I think cutting out sweets and sugar is good but otherwise I don't think you should apply portion control (or limiting milk consumption) without checking with his doctor and talking with HV too.

DailyCandy · 06/03/2021 21:38

Being right isn't going to get you anywhere.

If you want to fight about eating - it's game on. You're old enough to know better.

Dtoilel · 06/03/2021 21:40

The other thing I noticed with dd is once she was full, that was it. No amount of stress or cajoling helped. I had help from a dietician though - #stressful
At 2, I don't recall dd being on milk at all? But maybe I've forgotten. Full fat milk in porridge. Water was the main drink - cranberry juice or orange or apple juice occasionally. Mainly water though. Her childminder would have given her cordial in the water, but I didn't.
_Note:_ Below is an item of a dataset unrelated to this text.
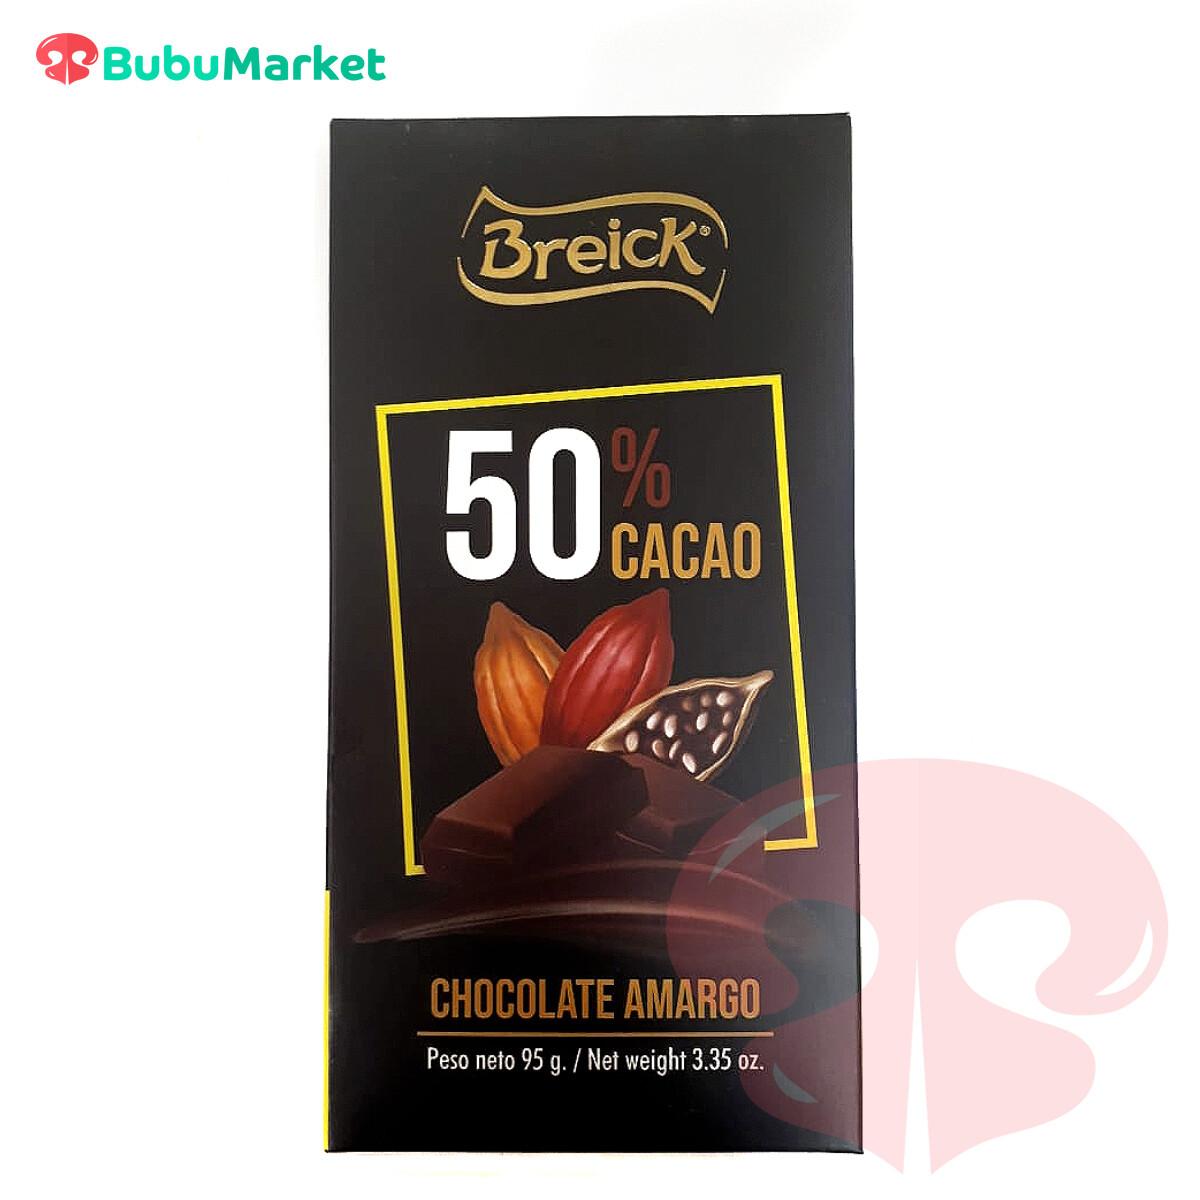 CHOCOLATE AMARGO 50% CACAO BREICK TABLETA 95 GR.

You can hide shit like mixed frozen veg in a casserole for e.g. Sometimes I'd just do carrot and onion, but sometimes the veg would be something like this in the casserole/shepherds pie/bolognese groceries.morrisons.com/products/morrisons-peas-sweetcorn-carrots-broccoli-red-pepper-120898011

Swede, cabbage when cooking gammon for e.g., carrots used a lot, loved green beans and loved long stem broccoli (fresh but expensive).

Anotherlovelybitofsquirrel · 06/03/2021 21:43

Poster who makes children eat in silence in the dark needs a visit from Social Services. It's Child abuse

Indeed.

notboggeddown · 06/03/2021 21:43

If you need protein, adding a fair amount of ground almonds to porridge and to apple crumble tastes really good, and is "hidden"!